As everybody but the New Guinea tribesmen who ate Joe Biden’s uncle knows by now, Donald J Trump has been found “guilty on all counts” – a quintessentially American expression because, of course, the multiple-counts racket is one of the many perversions of judicial norms that have long disgraced the US courthouse.

[…]

Be that as it may, his legal reasoning would be fine if America were a land of laws, but unfortunately it’s a land of men: whether for the forty-fifth president or a “niche Canadian”, we’re in basic “Who? Whom?” territory, as the Leninists would say. After my own experience of both the New York and Washington appellate benches, I would rate the chances of Trump getting this reversed at the state level as way lower than Mr Otis’s five per cent. It’s the same in my own case: all involved know the DC Court of Appeals is merely an interlude in order to get it wafted up to the US Supreme Court. Likewise with Trump. So we’re betting the farm on John Roberts and that rock-ribbed six-three “conservative” majority on which Republicans have expended so much energy to the exclusion of every other societal lever. And, even were they minded to intervene, as I remarked on-air to Tucker a fortnight before the last so-called election, “A judges’ republic is a contradiction in terms“.

So Mr Otis’s legal arguments have very little real-world meaning in terms of November’s exercise in republican self-government. Meanwhile, back in what passes for reality in the courts of New York, the exciting bit having concluded, we are now back to the leisurely proceduralist folderol: The corrupt Judge Méchant has scheduled sentencing for July 11th. So, for viewers of English courtroom dramas on PBS, there’s none of the traditional “Take him down!”, with the guilty party being led down the steps ten minutes after the verdict to be driven away to begin his sentence. Let me see now, July 11th is, oh, a mere six weeks away, which torpor is also very familiar to me: my own verdict came down in February, but the various post-trial motions keep getting kicked down that endless road.

July 11th is also, as it happens, four days before the GOP convention is due to start in Milwaukee.
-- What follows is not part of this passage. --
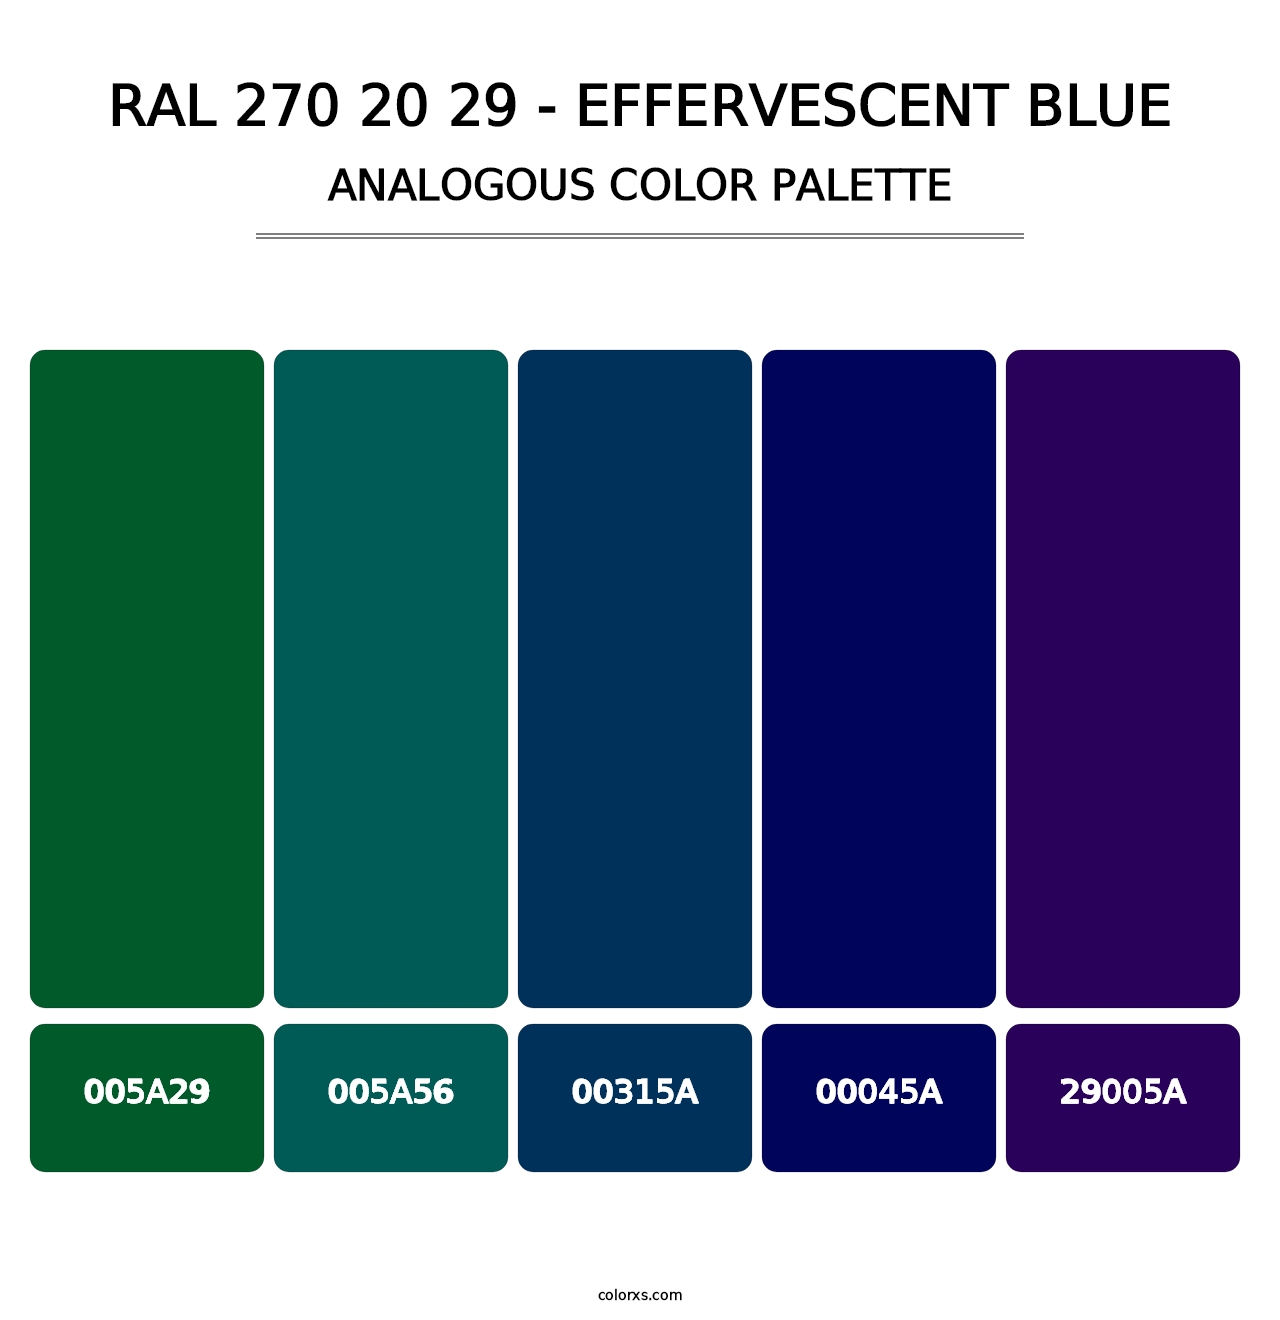 RAL 270 20 29 - Effervescent Blue - Analogous Color Palette

So, at a time when the presidential nominee should be practising his acceptance speech in front of his bedroom mirror, he will be a thousand miles away waiting to hear whether he is to be belatedly taken down.

Thus, Judge Méchant will have once again subordinated the election calendar to the caprices of his filthy courtroom.

In theory, Trump has been convicted of a crime and could be headed to gaol. Also in theory, his term of confinement could be put on hold pending the outcome of his appeal. But they didn’t do that with Peter Navarro, did they? And it seems highly unlikely to me that they would have gone to all this trouble for a fine and a suspended sentence. They want him dead. If you don’t get that, go over to Larry Hogan’s pad and start cooing over your “respect” for “the rule of law”.